[[ EXERCISE DATA open ]]

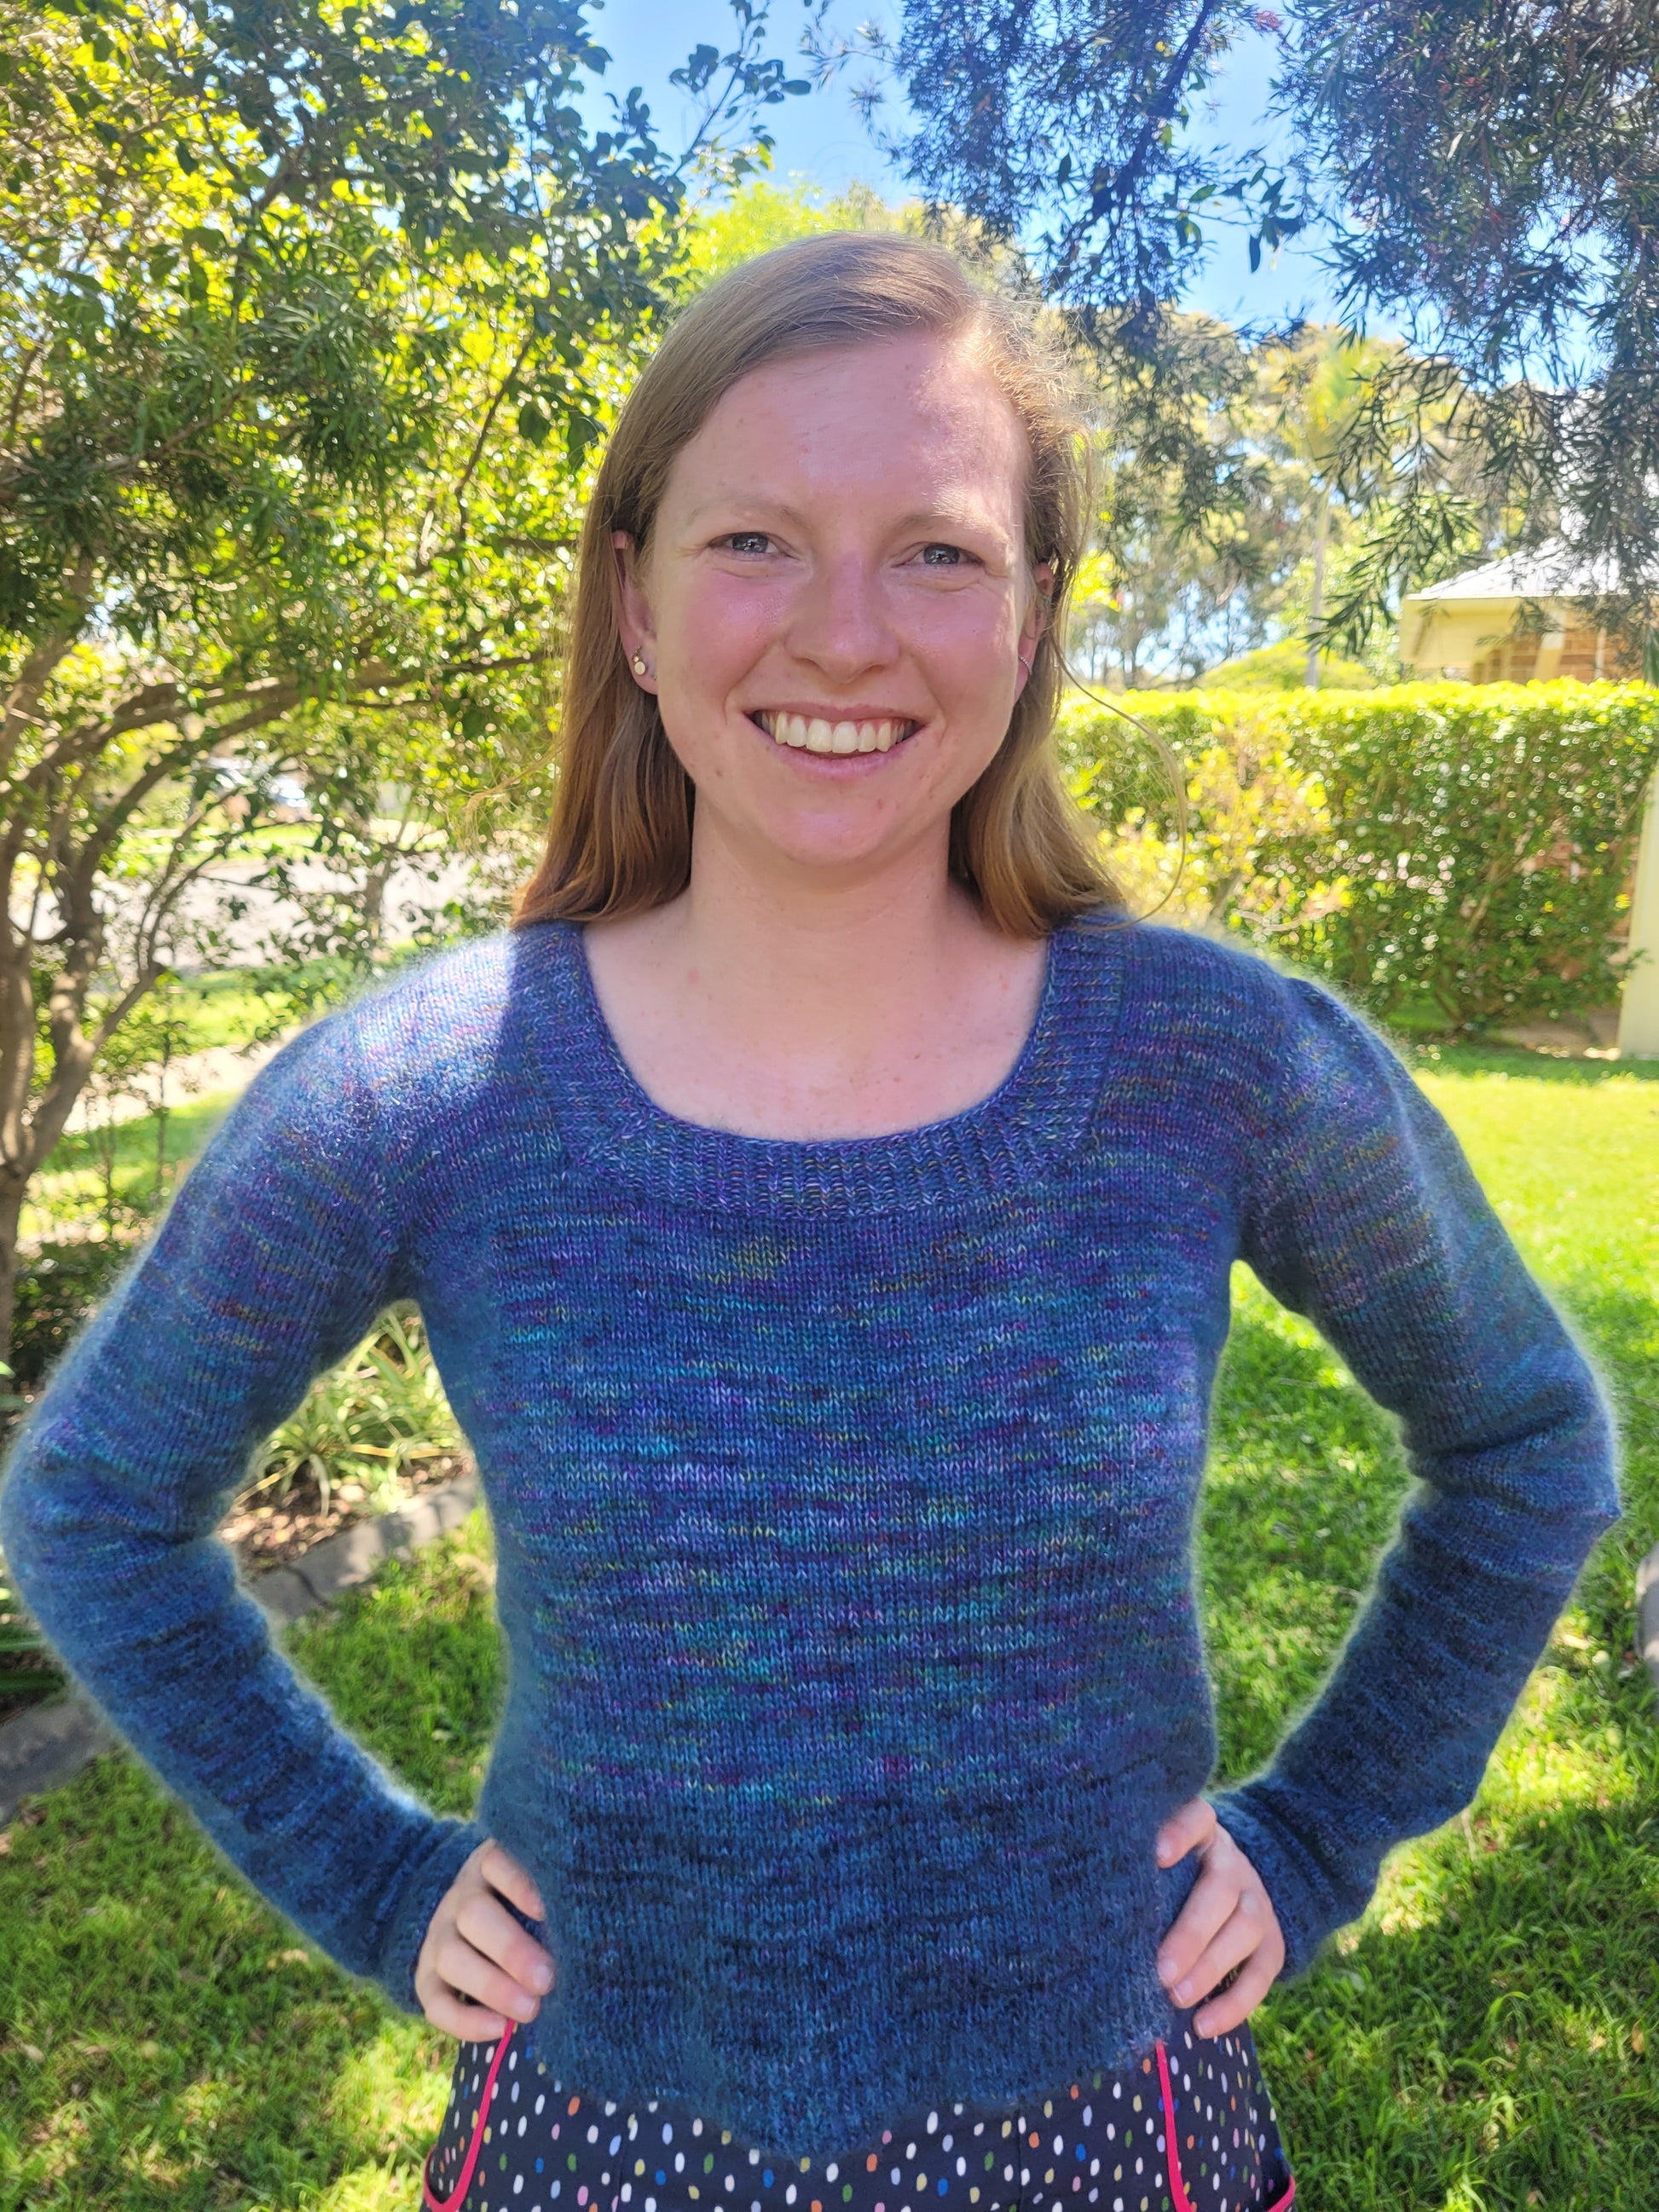 Ellen stands outside, smiling at the camera. She wears a blue sweater, knit with a square neck and gathered sleeves. The yarn has a slight halo to it, which shines in the sun.
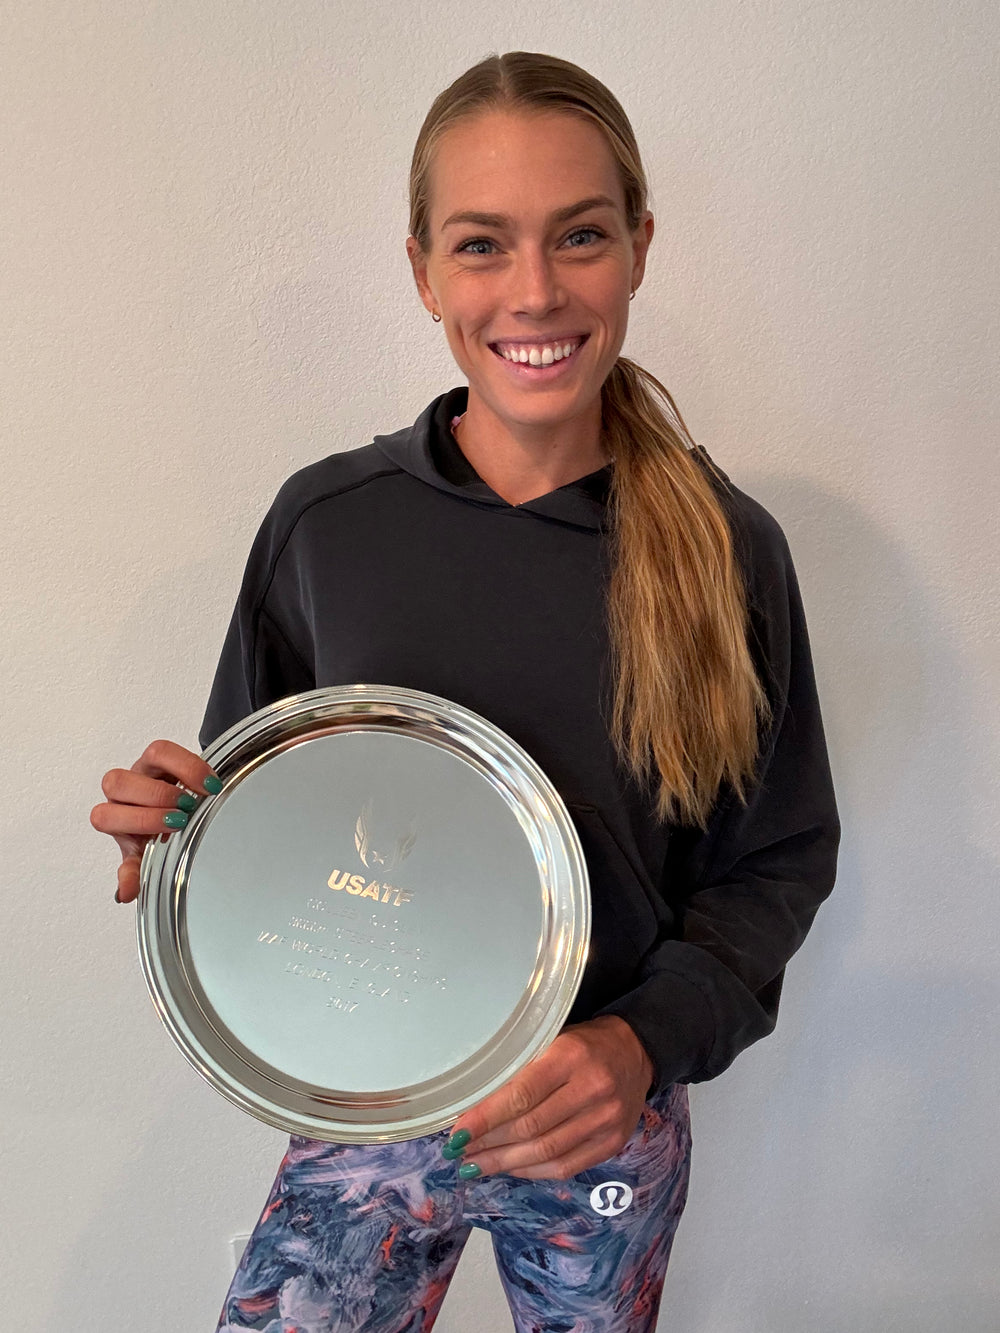 Colleen Quigley: Silver Platter from the 2017 IAAF World Championships in London, England
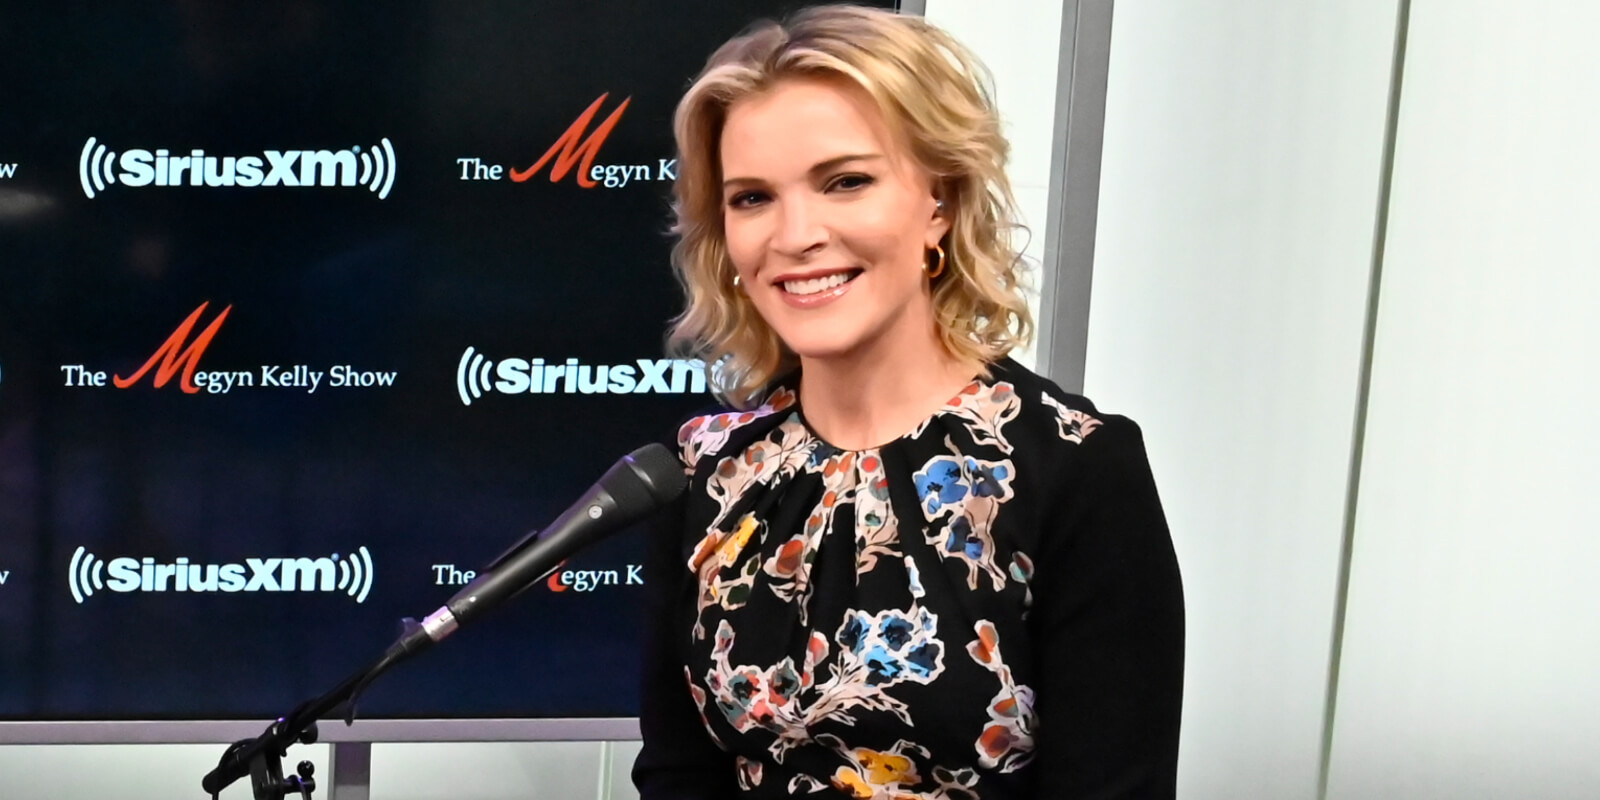 Megyn Kelly at her Sirius XM talk show and podcast.

[[ EXERCISE DATA closed ]]

* TASK STATEMENT *
Line by line, reproduce exactly the lines from the one containing "Colleen Quigley: Silver" through the final line of the material, both included, leaving every picture out.

* WRITTEN RESPONSE *
 Colleen Quigley: Silver Platter from the 2017 IAAF World Championships in London, England
 Megyn Kelly at her Sirius XM talk show and podcast.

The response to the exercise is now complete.